Pheochromocytoma is a rare, usually benign, tumor of the adrenal glands that produces excess catecholamines, such as epinephrine and norepinephrine.

Causes and Risk Factors

The exact cause of pheochromocytoma is not known, but it is believed to result from genetic mutations that affect the cells of the adrenal gland. Certain genetic syndromes, such as multiple endocrine neoplasia type 2 (MEN2), von Hippel-Lindau disease, and neurofibromatosis type 1, increase the risk of developing pheochromocytoma.

Symptoms

The symptoms of pheochromocytoma are caused by the excess production of catecholamines and can include:

High blood pressure
Headaches
Panic attacks or anxiety
Rapid heartbeat or palpitations
Sweating or flushing
Nausea and vomiting
Weight loss
Fatigue

Diagnosis

The diagnosis of pheochromocytoma is typically made through a combination of:

Physical examination and medical history
Imaging tests, such as computed tomography (CT) or magnetic resonance imaging (MRI), to visualize the tumor
Blood and urine tests to measure the levels of catecholamines and their metabolites
Genetic testing to identify any underlying genetic syndromes

Treatment

The primary treatment for pheochromocytoma is surgical removal of the tumor. Prior to surgery, medications such as alpha-blockers and beta-blockers may be used to control blood pressure and heart rate.
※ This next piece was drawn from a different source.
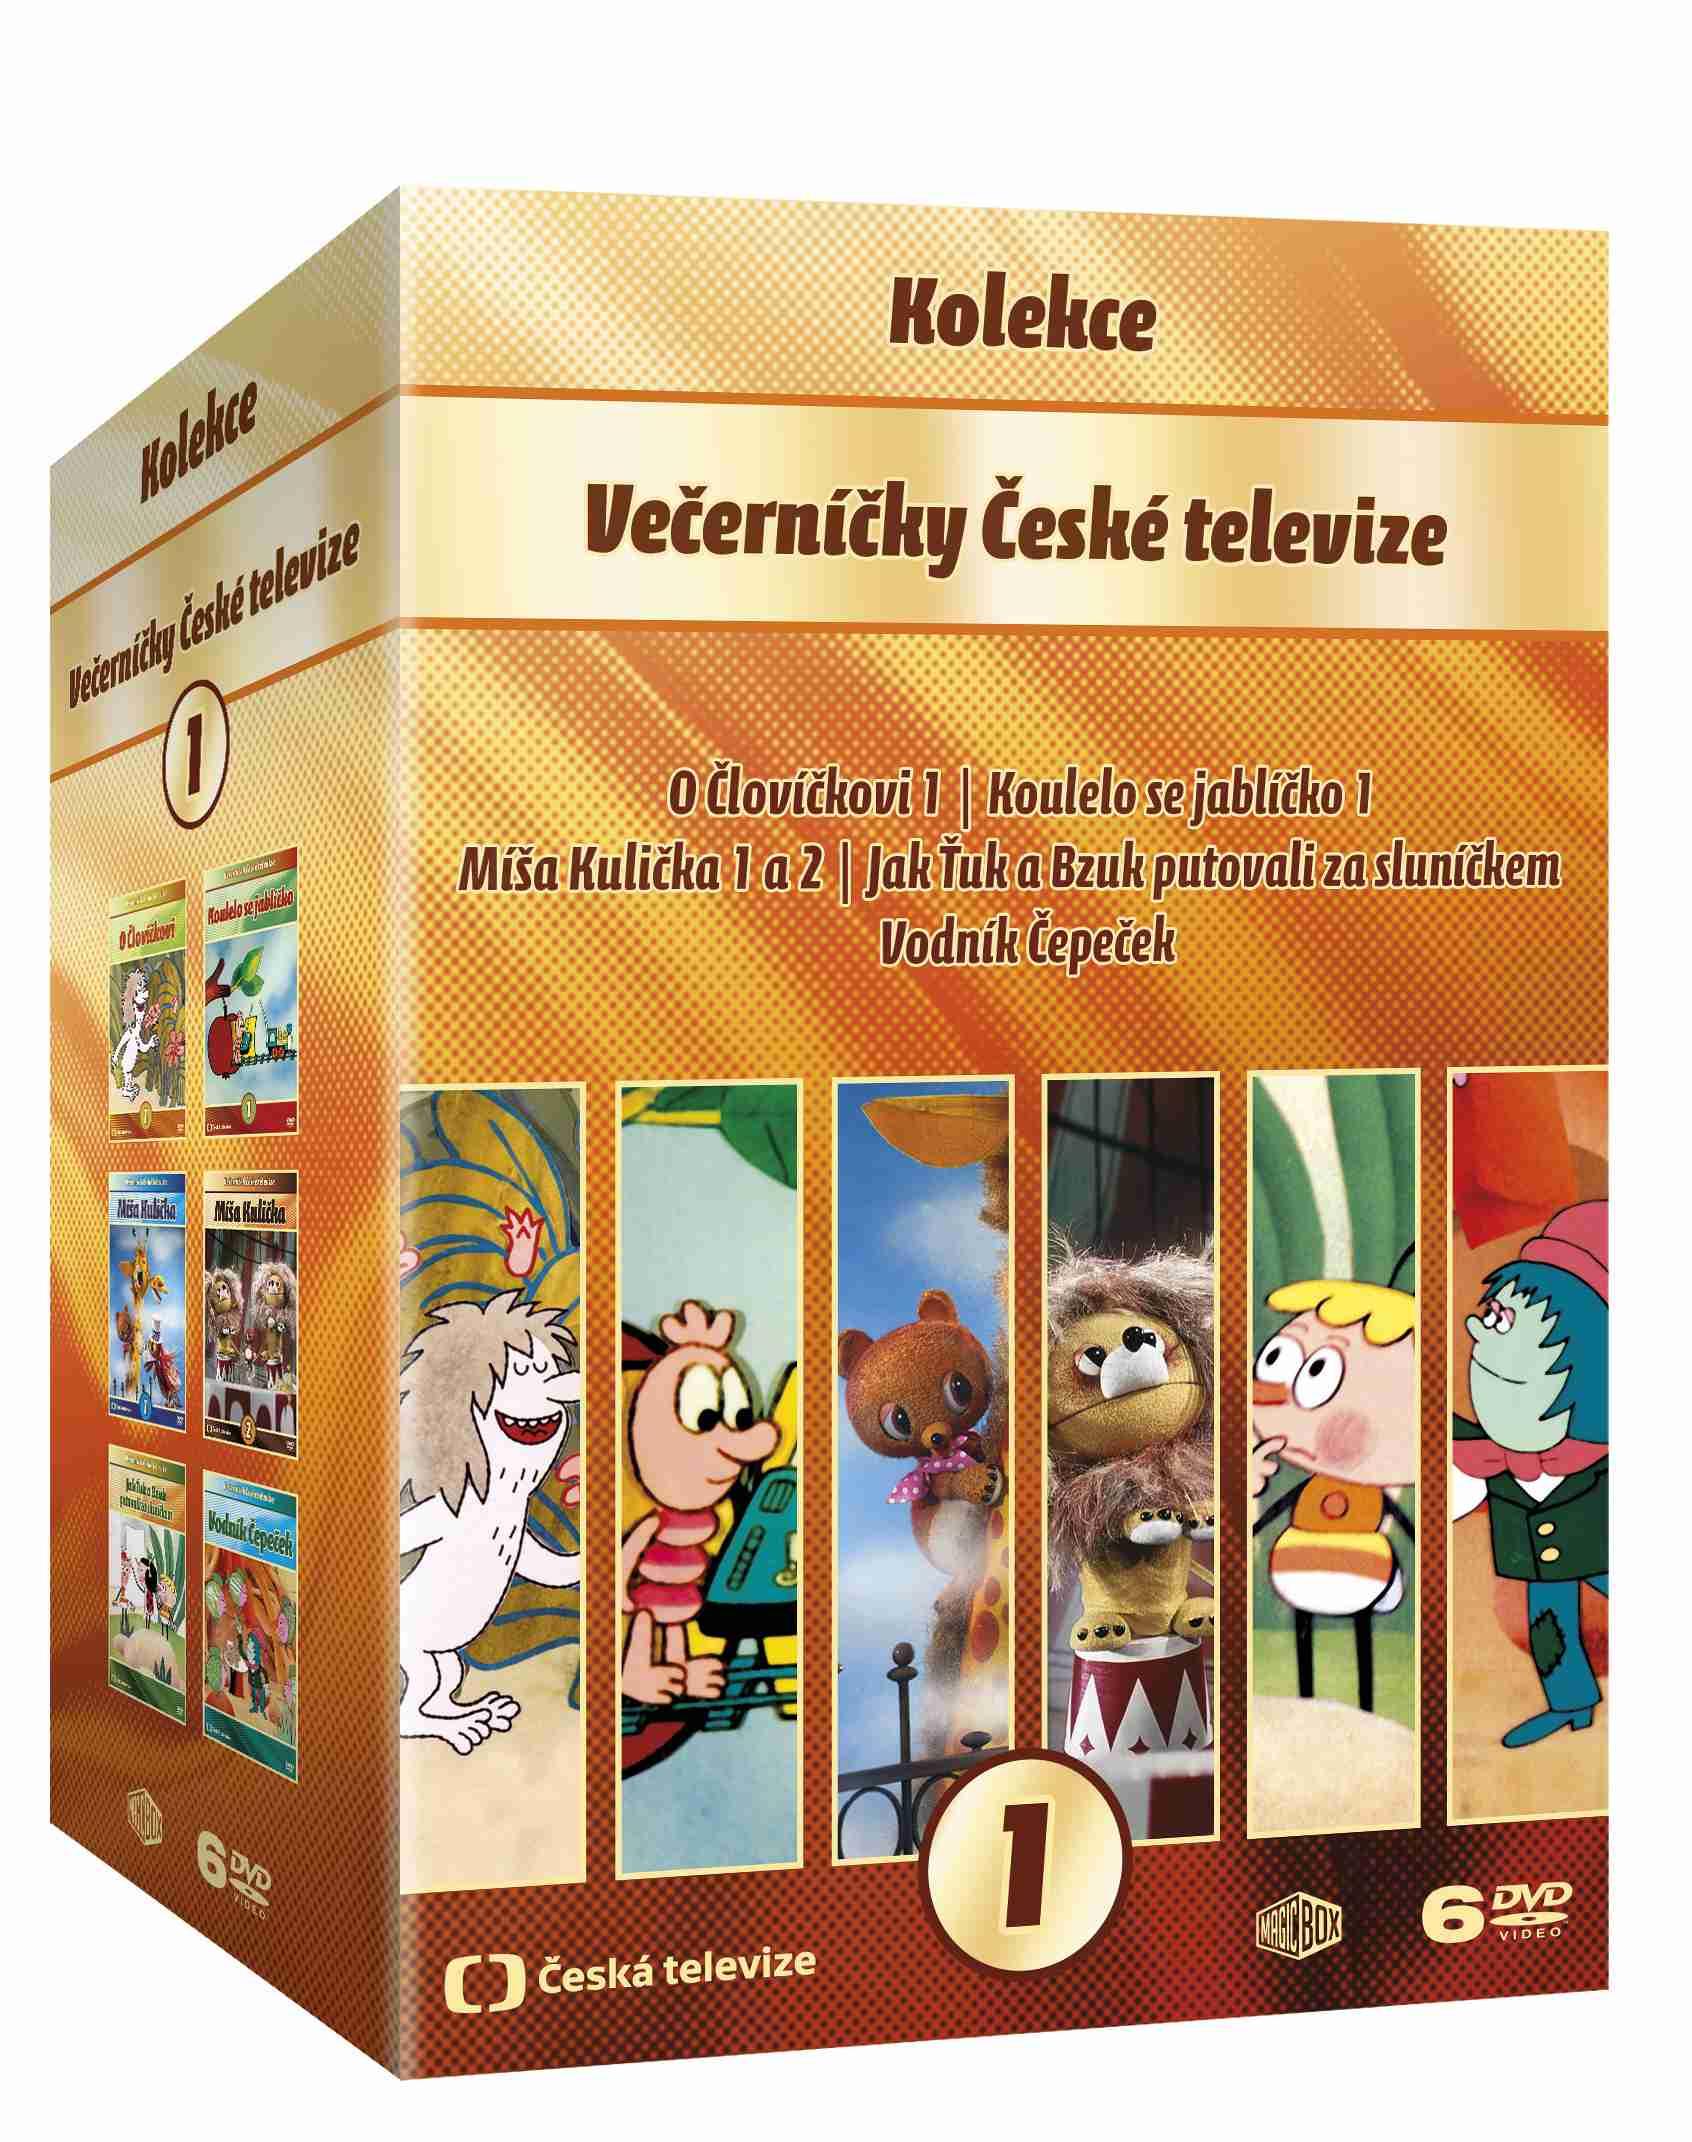 VEČERNÍČKY KOLEKCE - 6 DVD

In some cases, chemotherapy or radiation therapy may be used to treat malignant pheochromocytomas that have spread to other parts of the body.

Complications

If left untreated, pheochromocytoma can lead to serious complications, including:

Cardiovascular disease and heart failure
Stroke or cerebral hemorrhage
Kidney damage or kidney failure
Malignant transformation of the tumor

Prognosis

The prognosis for pheochromocytoma is generally good if the tumor is diagnosed and treated early. The 5-year survival rate for patients with benign pheochromocytoma is approximately 95%. However, the prognosis is poorer for patients with malignant pheochromocytoma or those who experience complications.

Article last updated on: 4th May 2025.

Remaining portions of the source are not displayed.